$col
A clean abstraction for working with Firestore collections in a consistent, typesafe, and test-friendly way. This utility standardizes how you add, fetch, and delete documents from Firestore collections, while handling errors gracefully using Result<T, E> wrappers.
Overview
This utility provides a uniform API for interacting with Firestore collections through:
add– Add or upsert documents to a collectionget– Retrieve all matching documentsdelete– Remove a document by ID
Each method returns a Result<T, string> for observability, testing, and consistent error handling.
API: $col(path, constraints?)
$col<Path extends string>(path: Path, constraints: QueryConstraint[] = [])Returns an object containing collection methods scoped to the given path.
Parameters
path: A string path to the Firestore collection (e.g.,"users","projects/123/tasks")constraints: Optional Firestore query constraints (e.g., filters, ordering, limits)
Methods
add(data: any, id?: string): Promise<Result<string, string>>
Adds a document to the collection. Optionally lets you specify the document ID.
await $col("projects").add({ name: "My Project" })
await $col("users").add({ name: "Alice" }, "user_123")- If
idis provided, performs an upsert usingsetDoc() - If no
id, usesaddDoc()and returns the generated ID - Always returns a
Result<string, string>
get(): Promise<Result<any[], string>>
Fetches all documents in the collection, optionally filtered via query constraints.

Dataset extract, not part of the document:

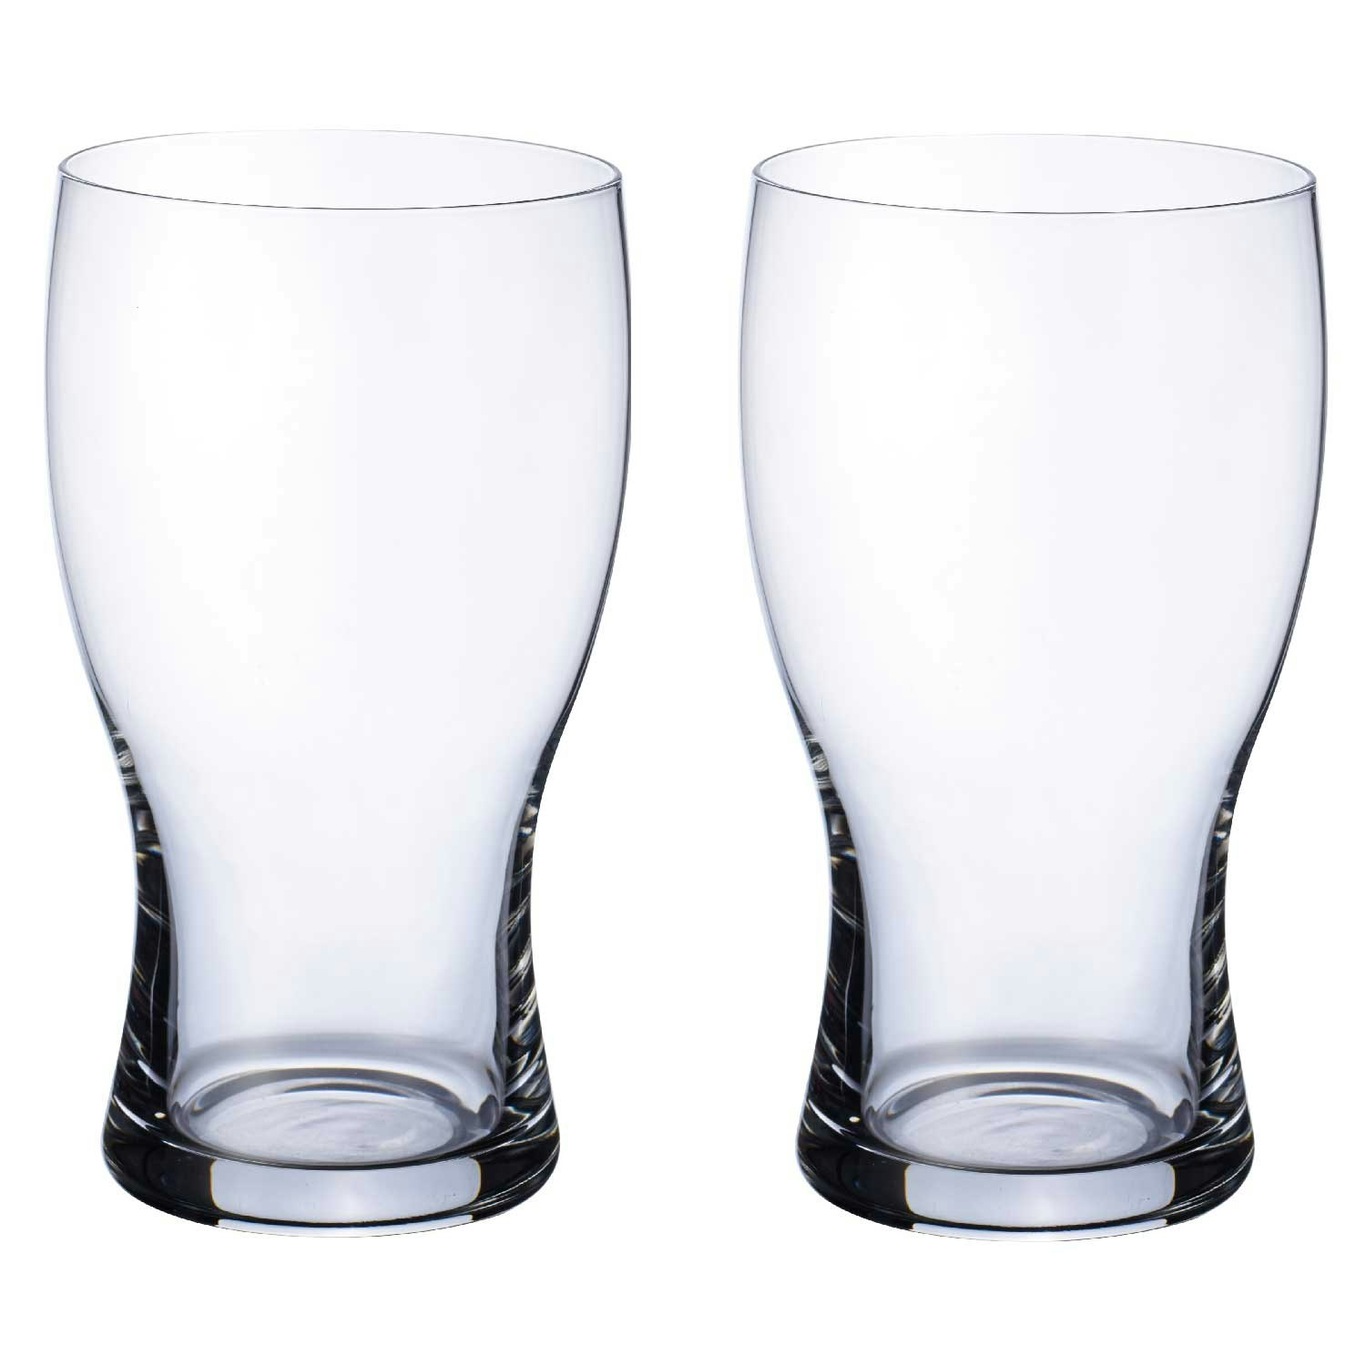 https://royaldesign.com/image/2/villeroy-boch-purismo-beer-glass-2-pcs-62-cl-0?w=800&quality=80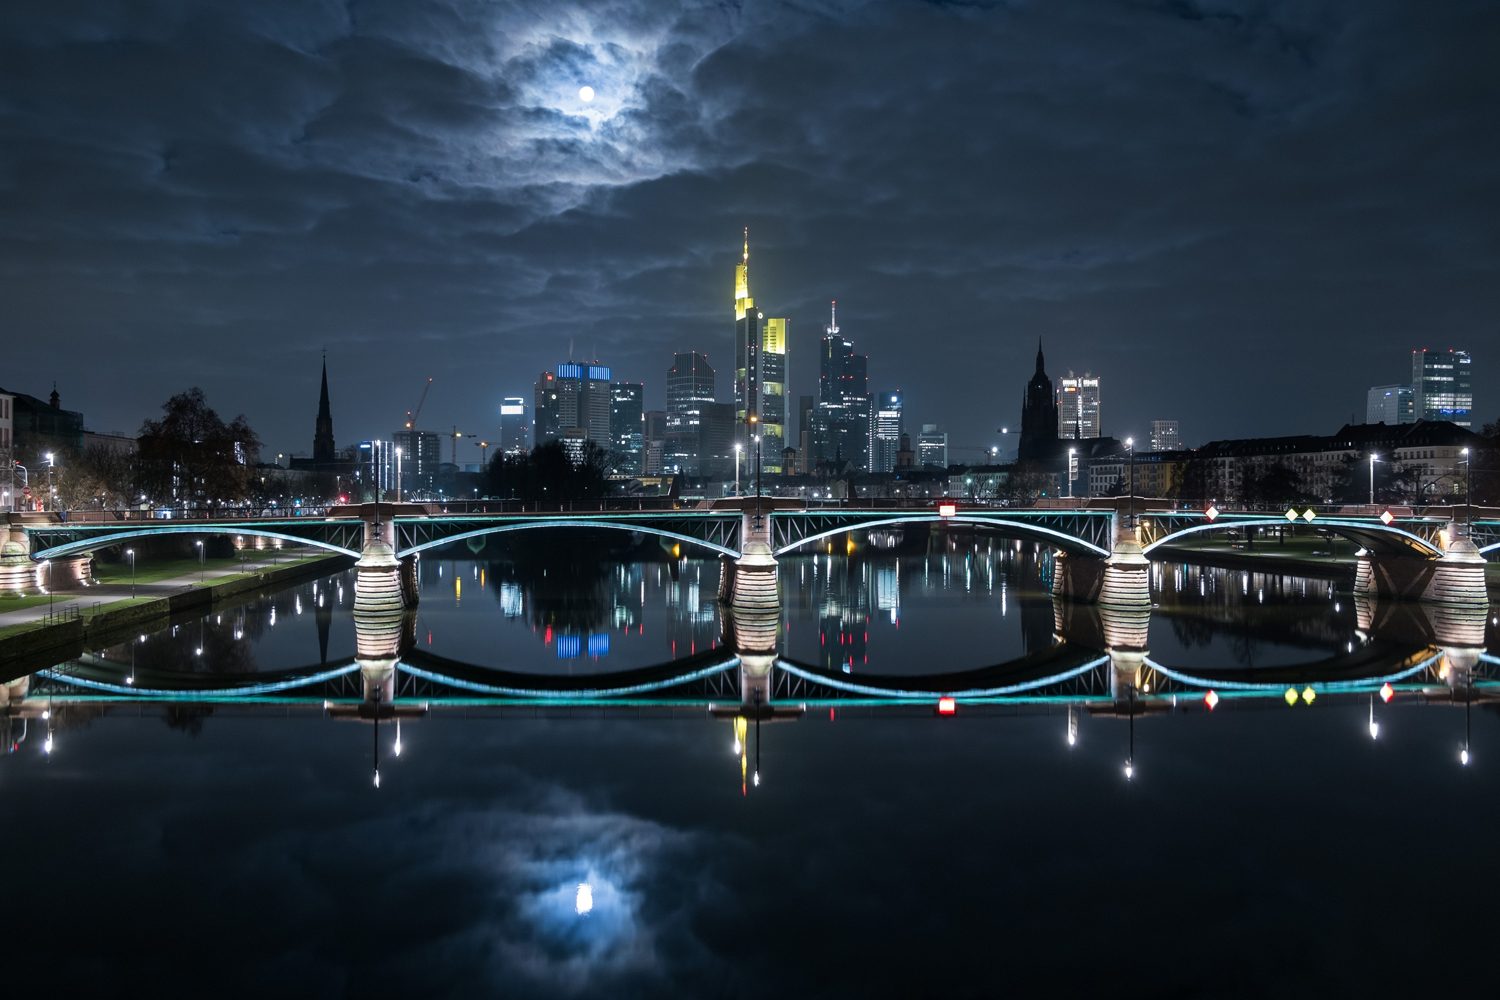 Se Frankfurt at Full Moon hos Picment.dk

const res = await $col("users").get()
$res.match({
ok: ({ data }) => console.log("Users:", data),
err: ({ data }) => console.error("Failed to fetch users:", data),
})- Automatically maps document IDs into returned data objects
- Returns a
Result<T[], string>
delete(id: string): Promise<Result<string, string>>
Deletes a document by ID.
await $col("users").delete("user_123")- Uses the
path/idformat internally - Returns a
Result<string, string>containing the ID on success
SSR/Test Safe
In server-side or test environments (!import.meta.client), stub implementations are returned to avoid accidental reads/writes during rendering or test bootstrapping. These return successful ok(null) results and do not interact with Firestore.
Benefits
- ✅ Unified shape across all Firestore operations
- ✅ Type-safe and IDE-friendly
- ✅ Built-in error observability via
Result - ✅ SSR/test environment aware
- ✅ Pairs beautifully with the
$doc()and$result()helpers
Example
const projects = await $col("projects").get()
projects.match({
ok: ({ data }) => console.log("Projects:", data),
err: ({ data }) => console.error("Failed to load projects", data),
})This utility ensures you're never handling Firestore directly in your core logic. It’s composable, consistent, and built for scale.